M. A… n’établissant pas l’illégalité de la mesure d’éloignement, il n’est pas fondé à demander l’annulation, par voie de conséquence, de la décision fixant le pays de destination ainsi que celle portant interdiction de retour sur le territoire français.
S’agissant des conclusions à fin de restitution de la carte d’identité italienne :
Aux termes de l’article L. 814-1 du code de l’entrée et du séjour des étrangers et du droit d’asile : « L’autorité administrative compétente, les services de police et les unités de gendarmerie sont habilités à retenir le passeport ou le document de voyage des personnes de nationalité étrangère en situation irrégulière. Ils leur remettent en échange un récépissé valant justification de leur identité et sur lequel sont mentionnées la date de retenue et les modalités de restitution du document retenu ».

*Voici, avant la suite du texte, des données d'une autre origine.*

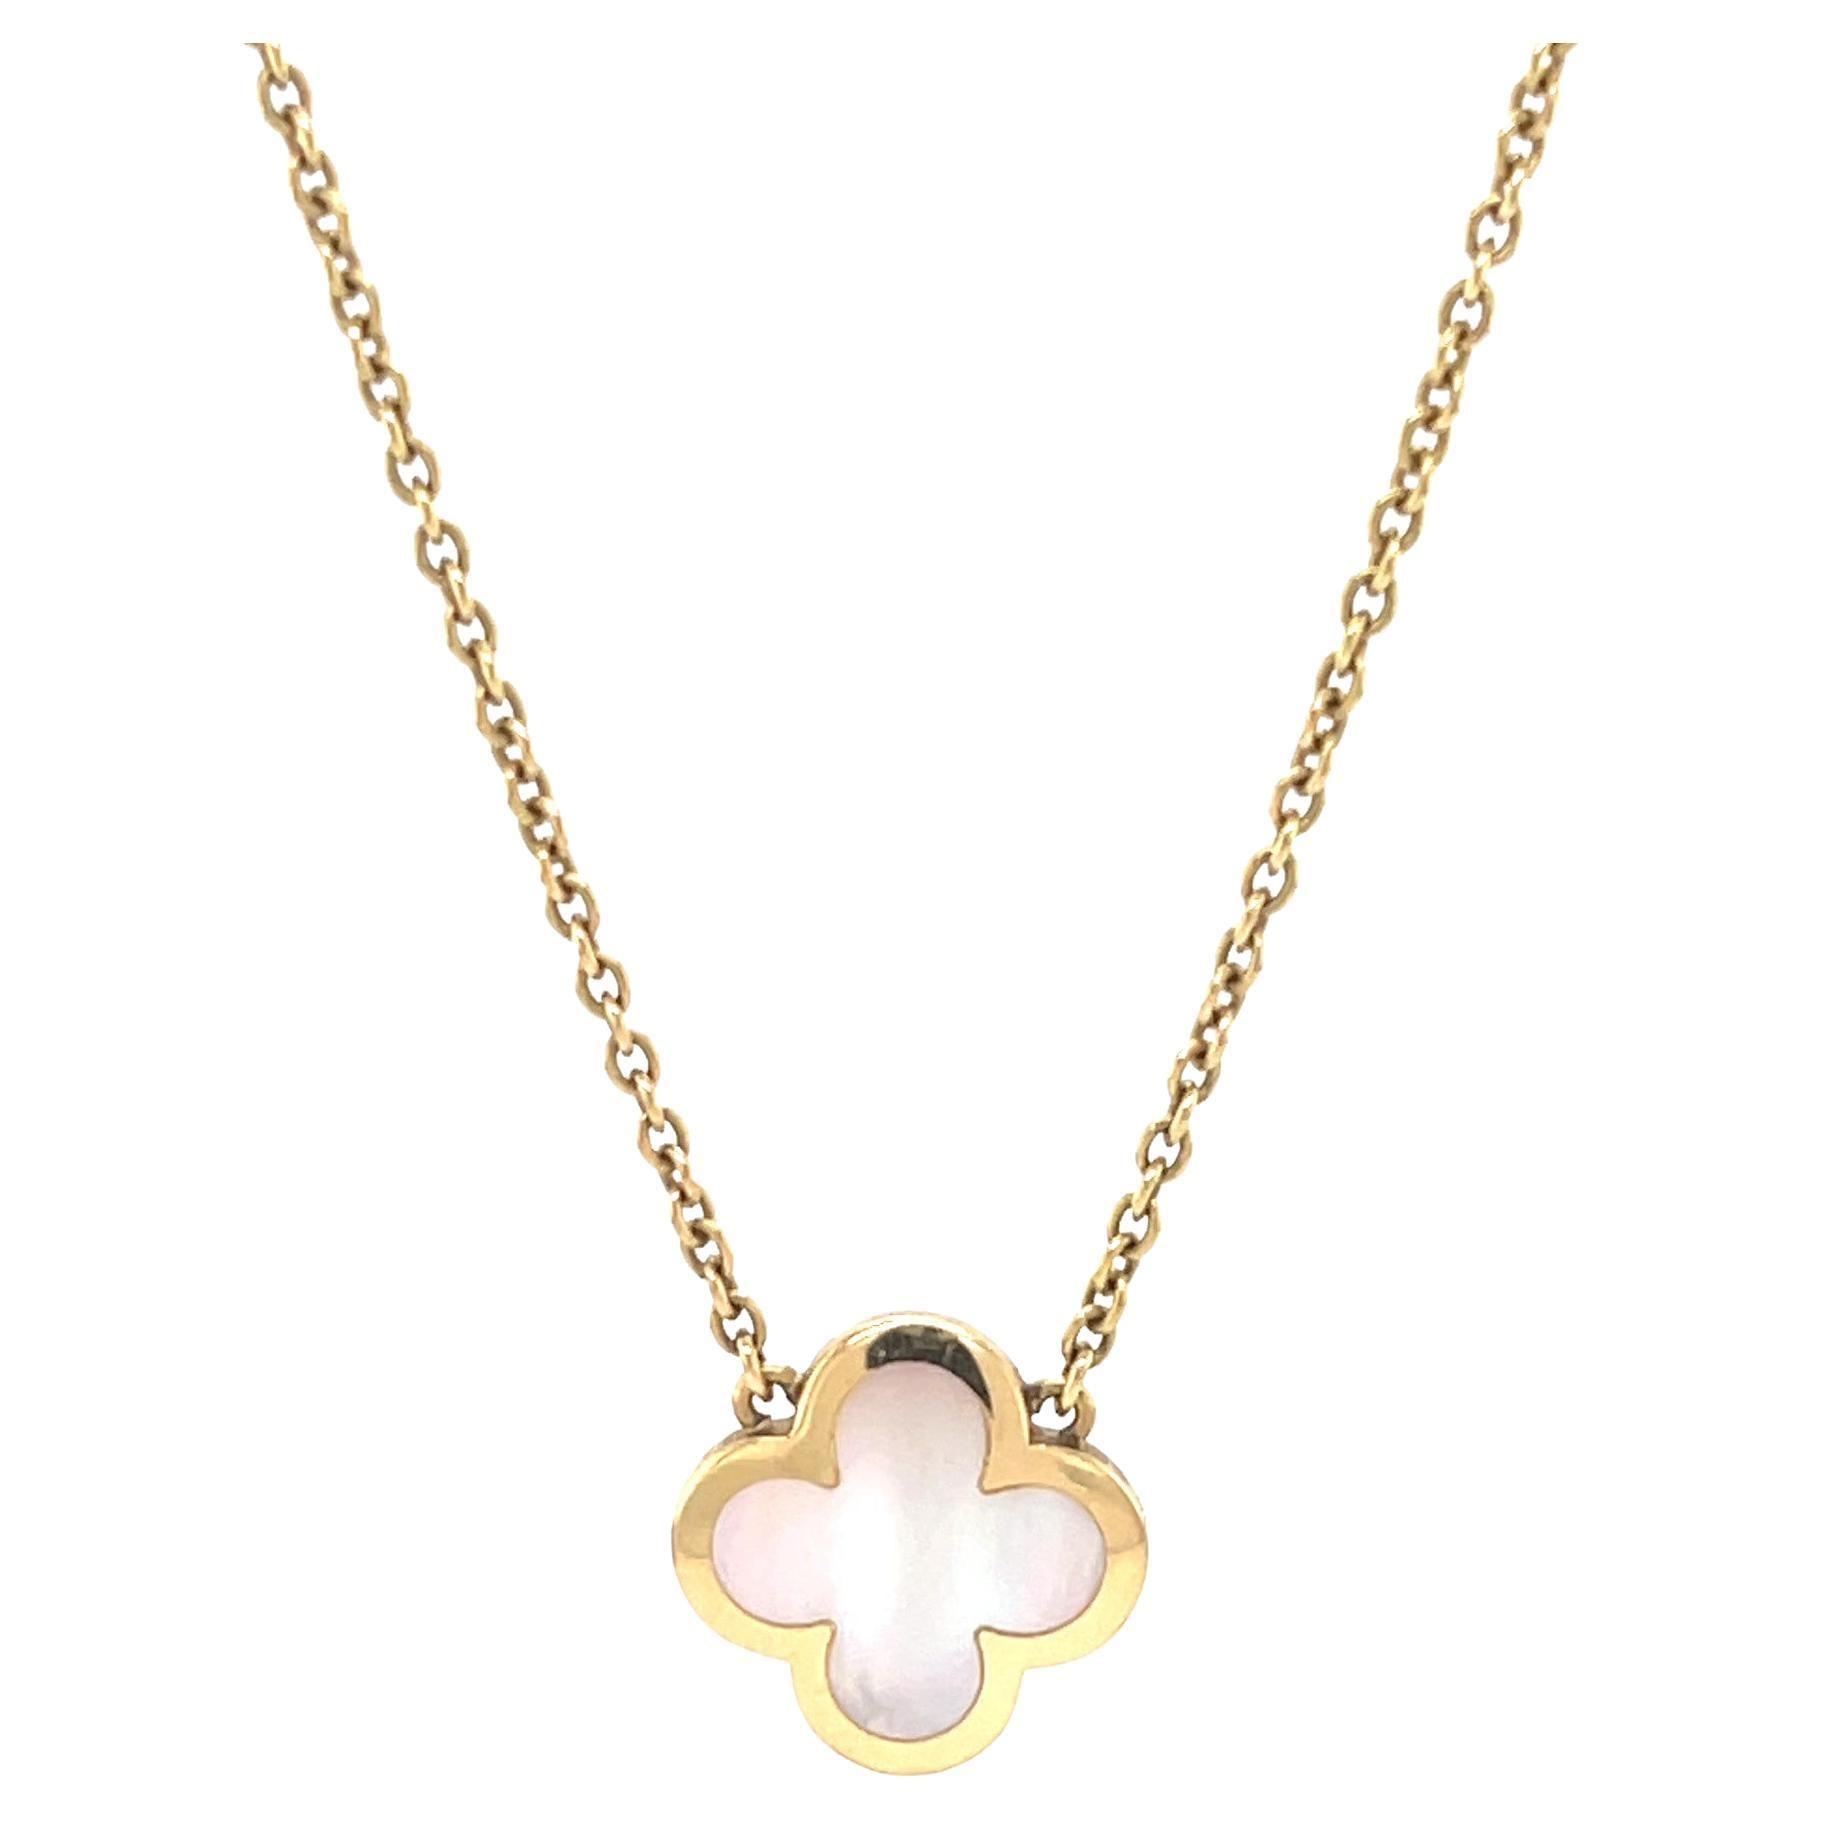 Van Cleef & Arpels Pure Alhambra Mother of Pearl 18 Karat Gold Necklace

Pour les motifs exposés aux points précédents, M. A… n’est pas fondé à demander l’annulation de la décision de rétention de sa carte d’identité italienne.

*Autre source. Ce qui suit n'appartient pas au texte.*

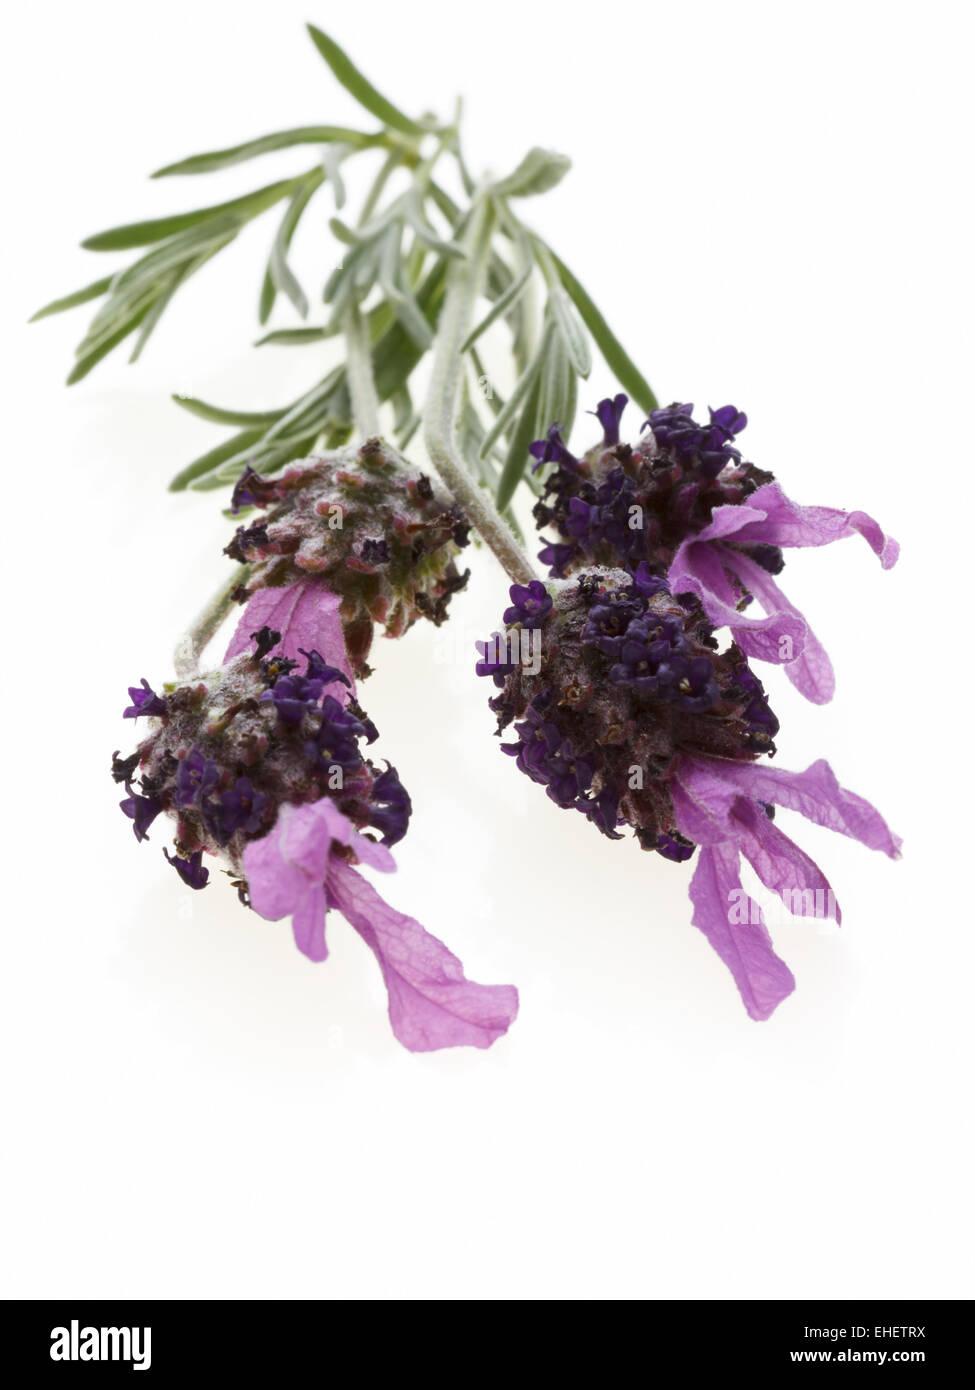 Isolated fresh Lavender - Stock Image

Sur les conclusions aux fins d’injonction :
Le présent jugement, qui rejette les conclusions aux fins d’annulation de la requête n’implique nécessairement ni la délivrance d’un titre de séjour à M. A…, ni que le préfet d’Eure-et-Loir statue à nouveau sur sa situation.
Sur les frais de l’instance :
Les dispositions de l’article L. 761-1 du code de justice administrative font obstacle à ce que soit mise à la charge de l’Etat, qui n’est pas la partie perdante dans la présente instance, la somme demandée par M. A… au titre des frais exposés par lui et non compris dans les dépens.
D E C I D E :
Article 1er : La requête de M. A… est rejetée.
Article 2 : Le présent jugement sera notifié à M. E… A… et au préfet d’Eure-et-Loir.
Délibéré après l’audience du 24 juin 2025, à laquelle siégeaient :
M. Samuel Deliancourt, président,
M. Jean-Luc Jaosidy, premier conseiller,
Mme Aurore Bardet, conseillère.
Rendu public par mise à disposition au greffe le 1er juillet 2025.
Le rapporteur,
Jean-Luc D…
Le président,
Samuel DELIANCOURT
La greffière,
Barbara DELENNE
La République mande et ordonne au préfet d’Eure-et-Loir en ce qui le concerne ou à tous commissaires de justice à ce requis en ce qui concerne les voies de droit commun contre les parties privées, de pourvoir à l’exécution de la présente décision.